These dark days in December are always a reflective time, and I started pondering my beginning days as a doll artist. When I started in the 70s, there wasn’t even really a name for what I was doing.Back then, making dolls was rather frivolous, and wasn’t really seen as a useful craft. Luckily, times have changed.
Sietske found some old photos and scanned them for me, so you can see my first dolls and the development of my craft. Though the first dolls haven’t really survived, I was so caught with the virus of making, that soon a collection of dolls emerged.
The first dolls were made from a homemade paper maché, using paper and starch. Luckily, not much later, air-drying modeling clay appeared on the market.
The next step was to share these dolls with the outside world. My husband Lammert was my biggest fan, and arranged a market stall at the anual fair in our old hometown of Joure. I was very excited, and a little nervous, but to my surprise I absolutely loved it. Many more markets followed, and I was asked to exhibit my work. This too I greatly enjoyed. But to have my own space where I could work and exhibit my dolls from home was what I really dreamt of – a dream that came true in the late 80s when we moved to our current house in Sloten.

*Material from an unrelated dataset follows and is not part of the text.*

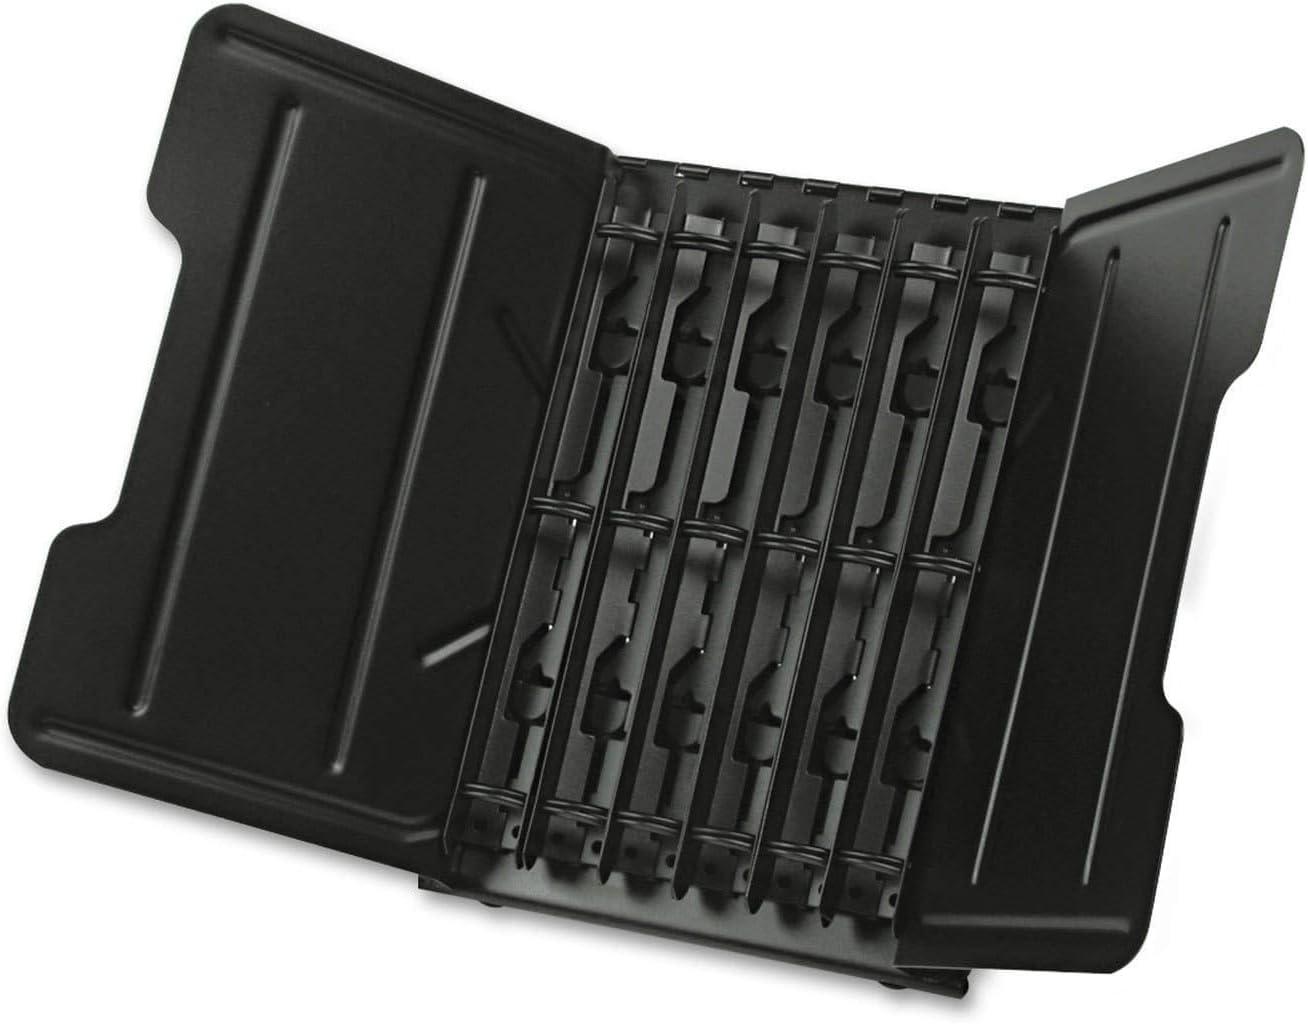 Tarifold Catalog Rack Starter Kits, 6 Sections, Black (50410)
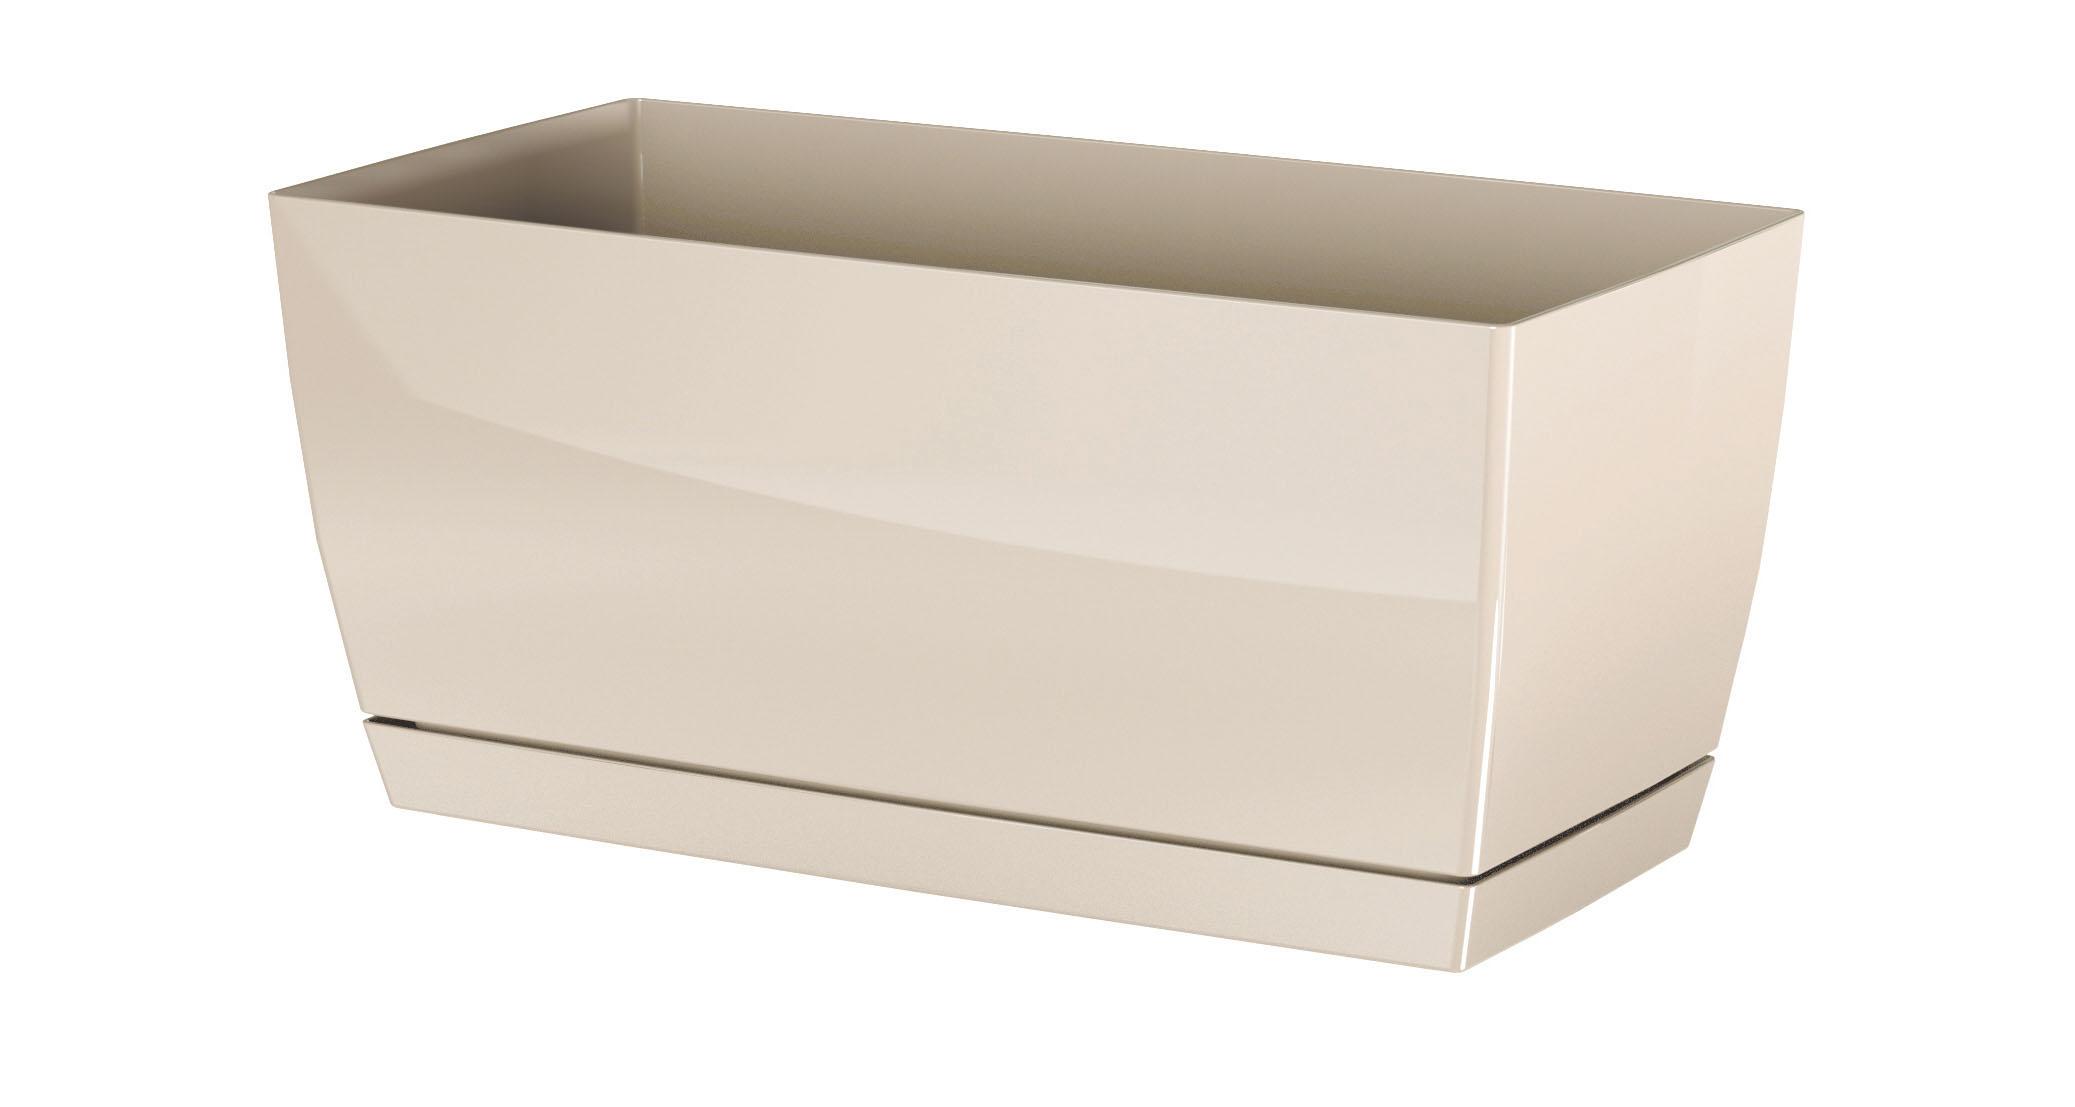 PROSPERPLAST Truhlík COUBI CASE P s miskou krémový 39 cm

We bought a beautiful old home that had a small authentic shop space that I turned into a little gallery. Things couldn’t be better! Each day I would work there on my dolls. They sold rapidly, so I had to work hard to keep the collections going. I also took on commisions at the time, something I didn’t really enjoy as much. Having to make something someone else dreamt up wasn’t what I really wanted to do. My husband was in charge of dropping off the orders – something he greatly enjoyed. But for me, the pressure of having to make more commissions was getting in the way of my enjoyment of the creation. In the end, I completely quit making dolls.
For years I didn’t have anything to do with doll making, as painting had taken over. For years I had wanted to paint, but I never had time for that. I always kept my doll making equipment, despite not having any interest in making them any more (something that took me by surprise!). It was lucky that I kept it all, as a few years later, I started modeling a little on-and-off, whilst working in the studio. I started missing the physical making and modeling, as painting is a different beast altogether. Slowly, the passion to make dolls was reignited, and you can find me every day in my studio again – modeling, sanding, painting, sewing… Dolls are no longer produced on commission, but purely for my own enjoyment. I’m more careful now with my making time, and am grateful that I can create each day.